Search code examples
sqlpostgresqldatetimesubquerygreatest-n-per-group

selecting DISTINCT rows that are ordered by something different


i have this table performances, where there are performances of theatre plays from other table:

id | play_id |    when    | other uninteresting meta data
1  |    3    | 2020-04-01 |             ...
2  |    4    | 2020-03-03 |             
3  |    3    | 2020-01-02 |             
4  |    1    | 2020-06-03 |             
5  |    4    | 2020-10-13 |             

and i would like to select the earliest performance for each distinct play (so each play is represented by a single, earliest, performance), ordered from soonest to latest.

so from the presented data i would like to get this:

id | play_id |    when    | other uninteresting meta data
3  |    3    | 2020-01-02 |             ...
2  |    4    | 2020-03-03 |             
4  |    1    | 2020-06-03 |             

so far, after studying some answers here and here i came up with this query


SELECT * FROM
(
  SELECT DISTINCT ON (play_id) *
  FROM performances
  WHERE performances.deleted_at is null
  ORDER BY performances.play_id ASC, performances.when ASC
) distinct_plays
order by distinct_plays.when ASC

however, i don't trust it at all, because in the linked threads there were people bickering and telling that each other's answers are wrong; and while i see some problems with the answers in that thread i don't see a problem in this answer yet.

is this a good query for my task? does it not select duplicate rows or is very ineffective?


Solution

  • Your query does what you want. distinct on is usually the right tool in Postgres to solve such greatest-n-per-group problem... alas, it gives no flexibility on the order of rows in the resultset.

    It appears that you want a different sort in the result as in distinct on - so you need another level of nesting for this.

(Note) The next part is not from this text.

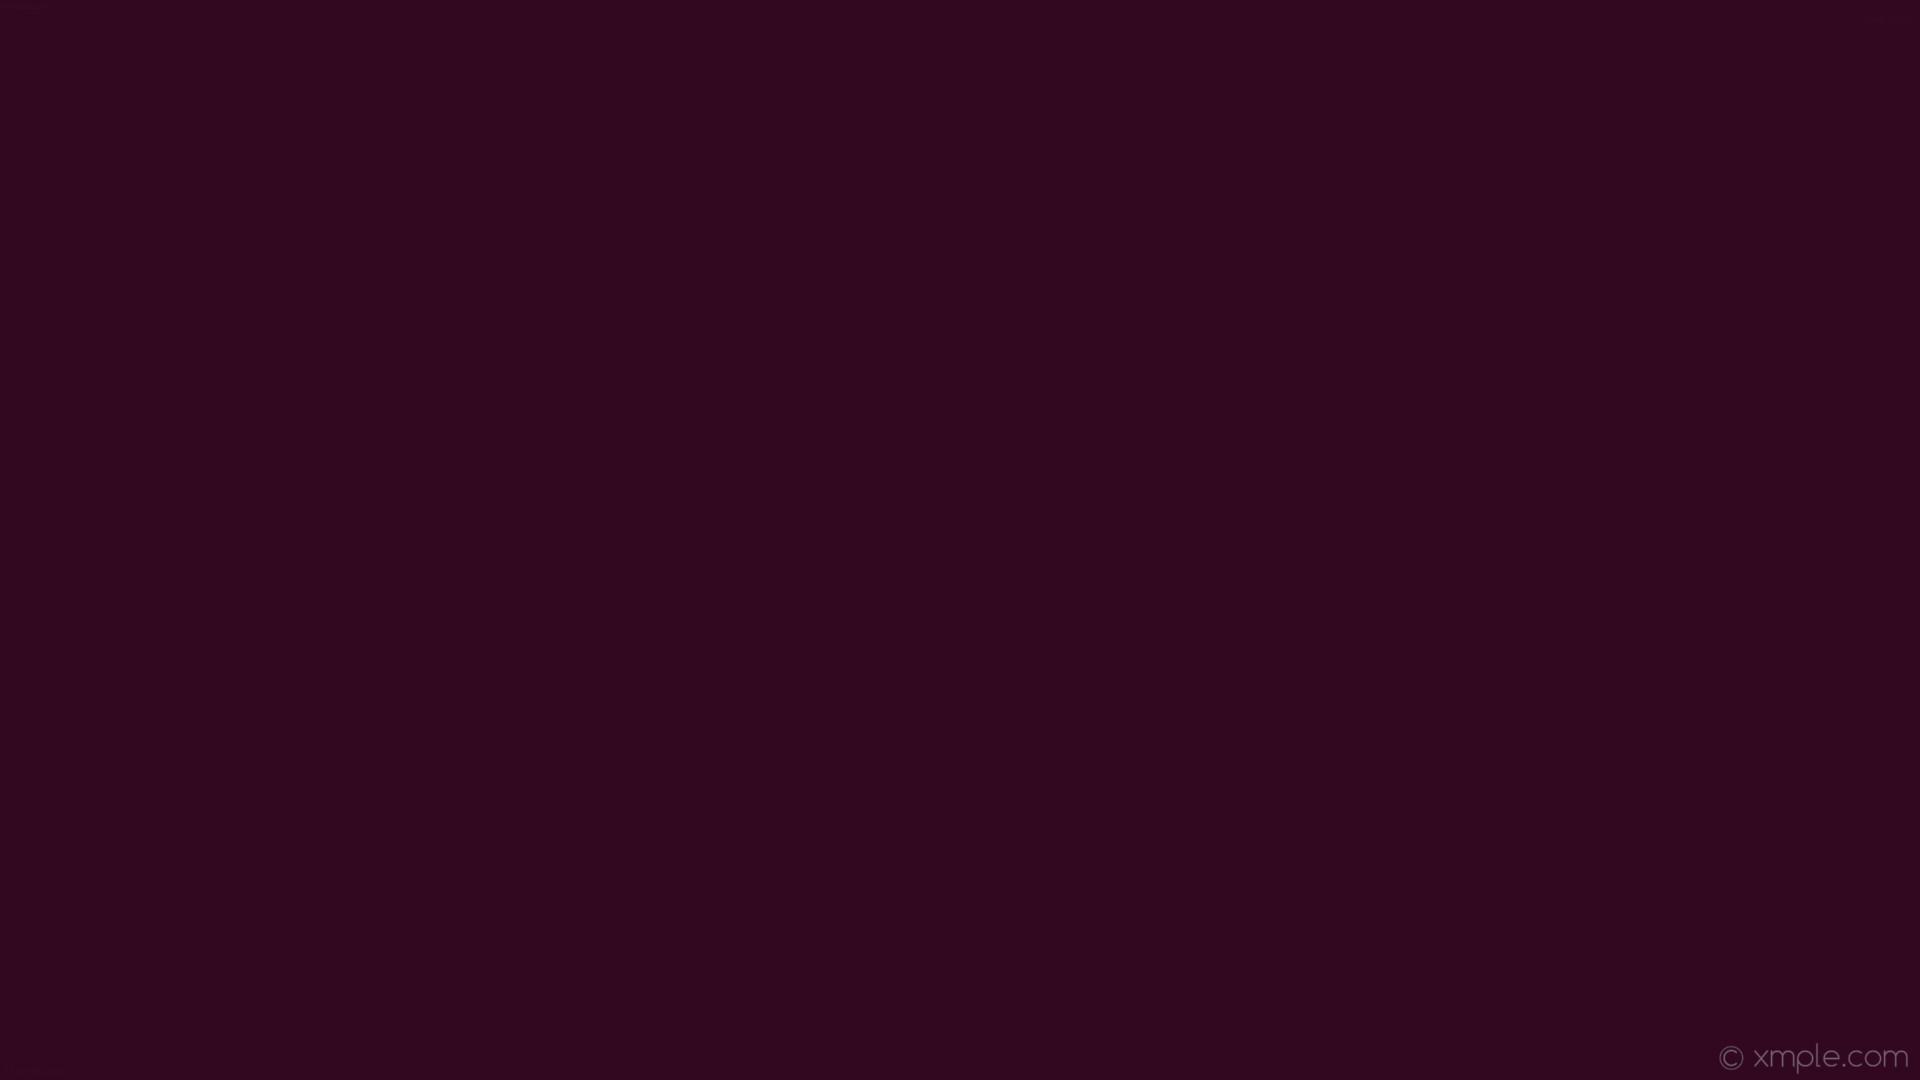 Dark Maroon Wallpaper (75+ images)

While your code does what you want, I will recommend using row_number() instead (which has also the advantage of being supported in many databases, as opposed to vendor-specific distinct on):

    SELECT *
    FROM (
        SELECT p.*, ROW_NUMBER() OVER(PARTITION BY play_id ORDER BY p.when asc) rn
        FROM performances p
        WHERE p.deleted_at is null
    ) p
    WHERE rn = 1
    ORDER BY p.when asc
    

    You might also want to try a correlated subquery:

    SELECT p.*
    FROM performances p
    WHERE p.deleted_at IS NULL AND p.when = (
        SELECT MIN(p1.when) FROM performances p1 WHERE p1.play_id = p.play_id
    )
    ORDER BY p.when
    

    For performance with the correlated subquery, consider an index on (play_id, when).